ANOVA or ANalysis Of VAriance test has its usage in a different scenario and here we are going to talk about the most basic one. We use an independent sample t-test when we have only two groups but when we have more than two groups we employ ANOVA test.

Let’s take an example. We have a diet dataset (you can download it from here). This dataset has attributes person id, gender, height, diet, weight before taking diet, weight after taking the diet. There were three different diets were given. We want to test whether the diet has any impact on weight loss or not.

So first we compute the weight loss for each participant.

> data <- import('anova_test_dataset_diet.csv')
> str(data)
'data.frame':   78 obs. of  7 variables:
 $ Person      : int  25 26 1 2 3 4 5 6 7 8 ...
 $ gender      : int  NA NA 0 0 0 0 0 0 0 0 ...
 $ Age         : int  41 32 22 46 55 33 50 50 37 28 ...
 $ Height      : int  171 174 159 192 170 171 170 201 174 176 ...
 $ pre.weight  : int  60 103 58 60 64 64 65 66 67 69 ...
 $ Diet        : int  2 2 1 1 1 1 1 1 1 1 ...
 $ weight6weeks: num  60 103 54.2 54 63.3 61.1 62.2 64 65 60.5 ...
data$weightLoss <- data$pre.weight - data$weight6weeks

Now we will consider two attributes for our ANOVA test: weightLoss and type of diet.

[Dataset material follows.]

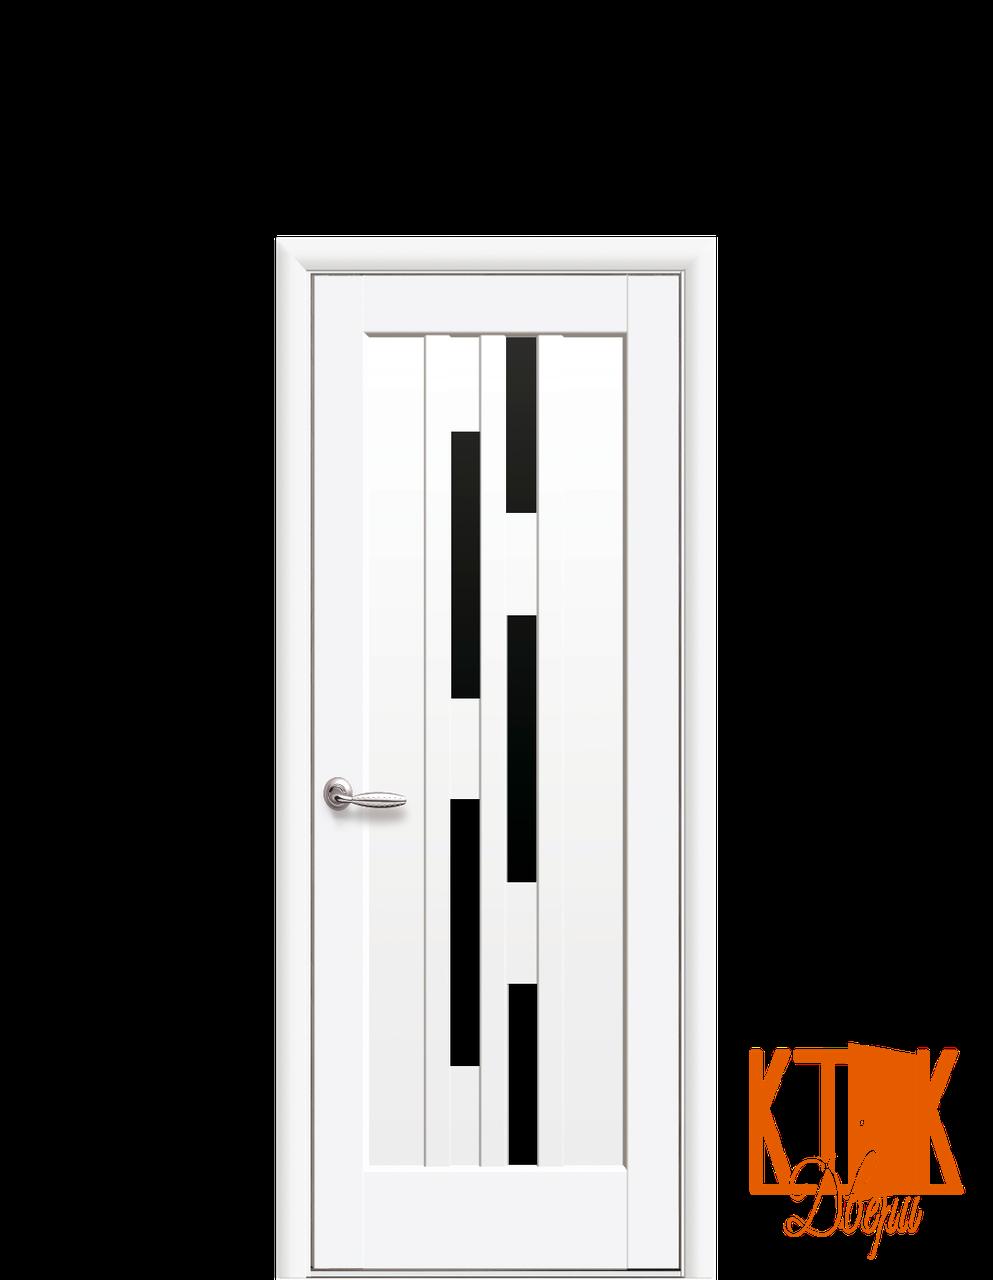 Міжкімнатні двері Новий Стиль Лаура чорне скло (матовий білий)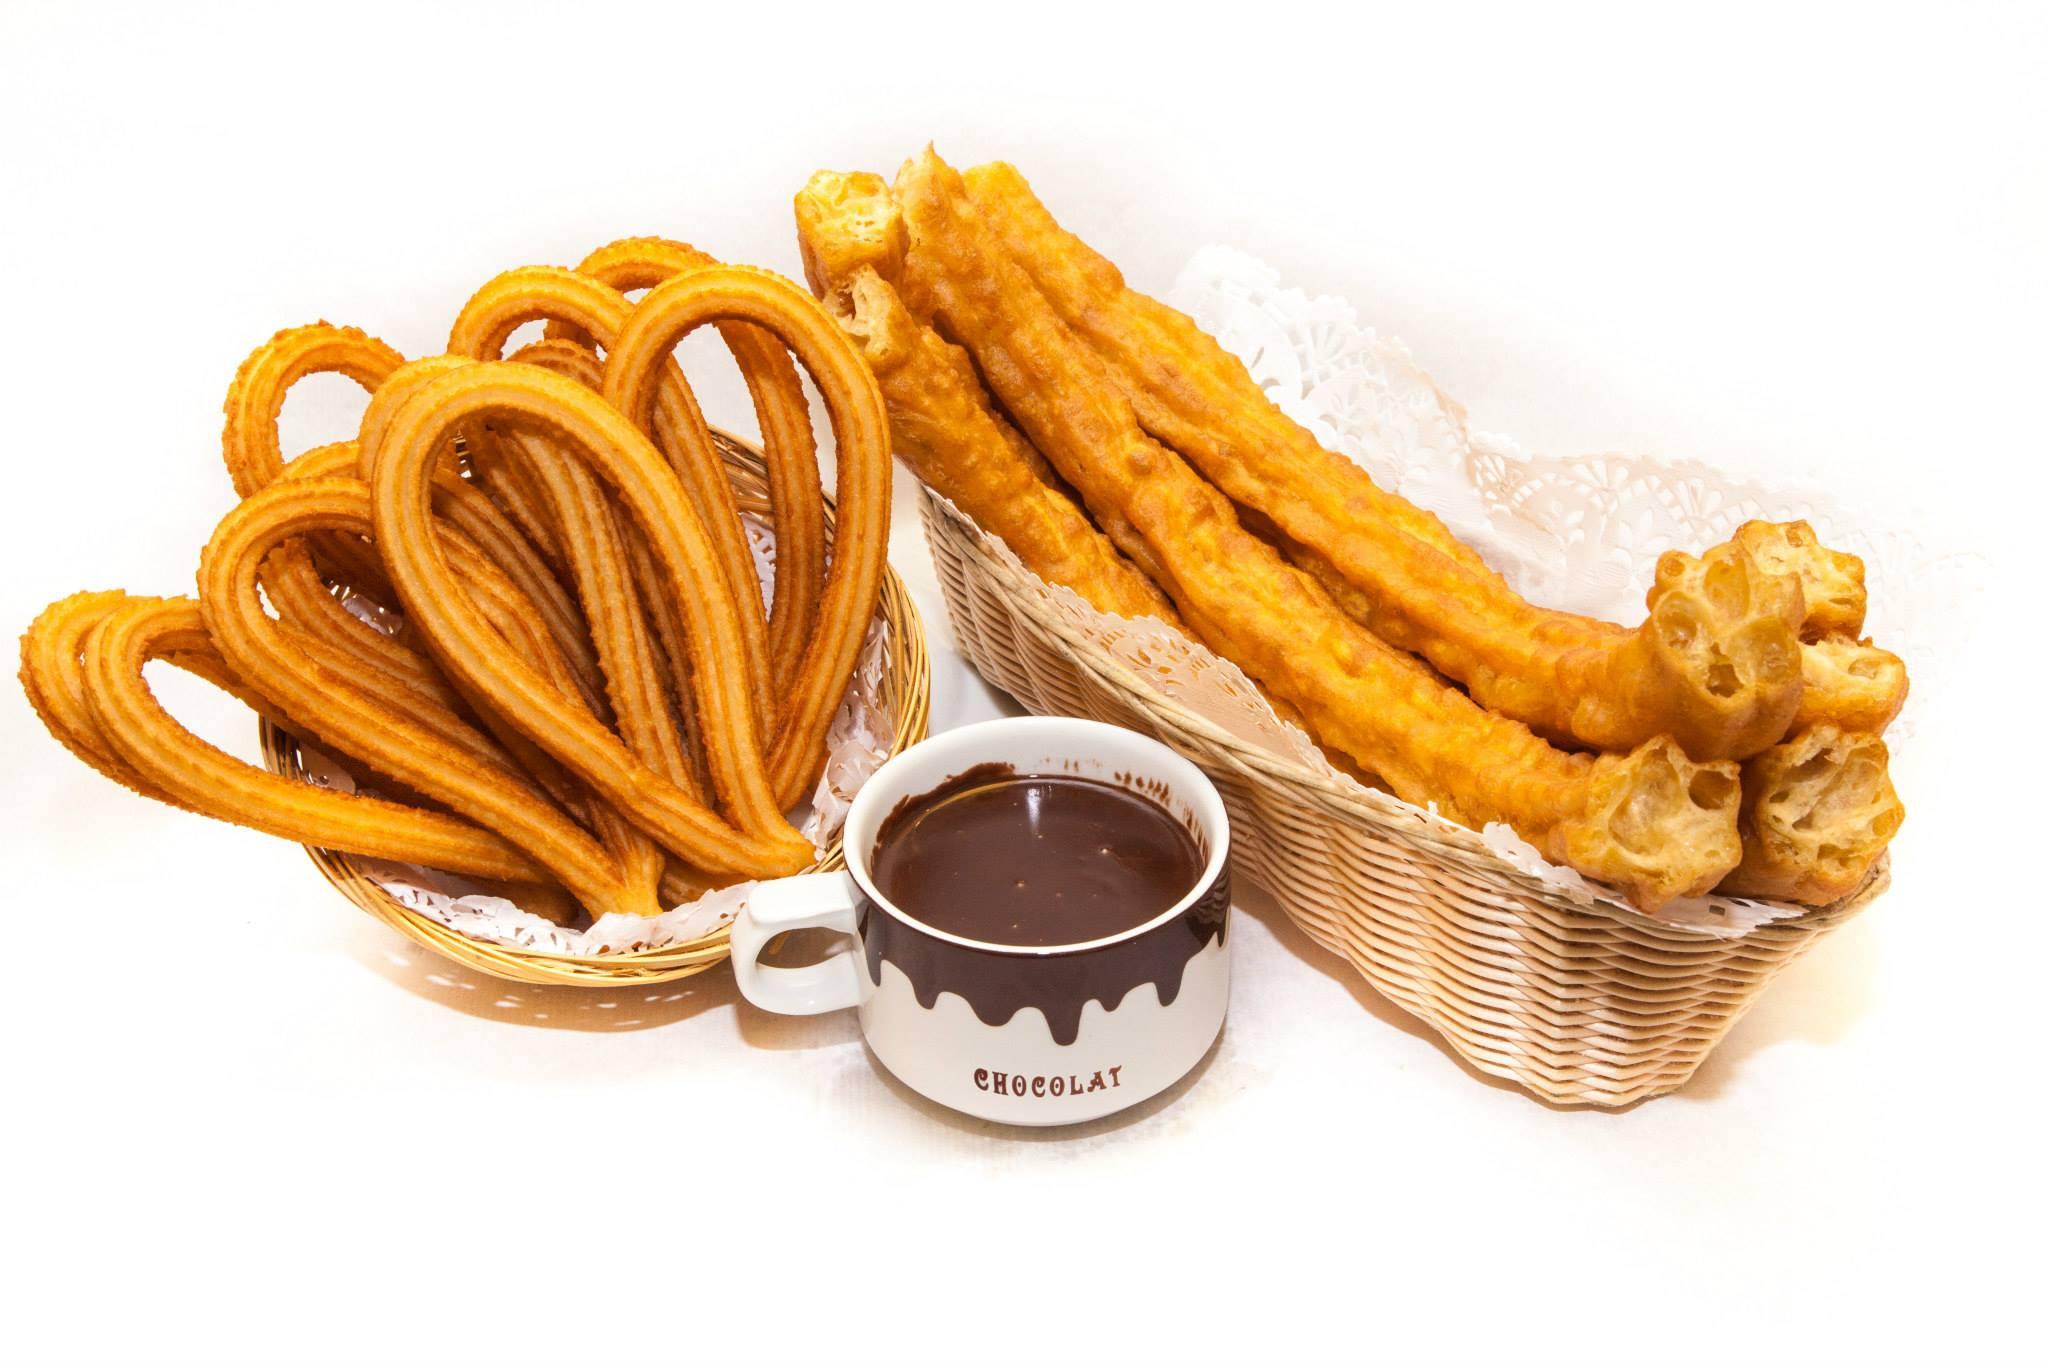 Bien connu Recette : Comment réaliser des pancakes fourrés au Nutella ? | QP89

Following are assumptions for the ANOVA test

  • The dependent variable (weightLoss in our example) is normally distributed in each group (diet types in our example).
  • The variance of the dependent variable is the same for all groups of the independent variable.
  • Independence data samples.

We use aov() function in R to perform the ANOVA test.

Screenshot 2021-03-09 at 15.00.15

Here, you need to look for Pr(>F) column that is p-value for the ANOVA test. We can see this value is smaller than .05 (5% level of significance) and even also than .01 (1% level of significance). We can say the null hypothesis is rejected. You can refer to this link for a detailed analysis of the same.

When to do which test?

You might be already wondering why we have so many tests and how would I know when to apply which test. To simplify it, you can refer to the following

You have a single variable (continuous type or numeric in R) that you want to investigate and you are interested in finding some knowledge about the population on that variable.

One sample t-test

You have two variables- one continuous and another with categories. The number of categories is two.

Independent Sample t-test

You have the same scenario as above but now you have a second variable with more than two categories.

ANOVA

You have two variables (both continuous) containing data collected from the same participants.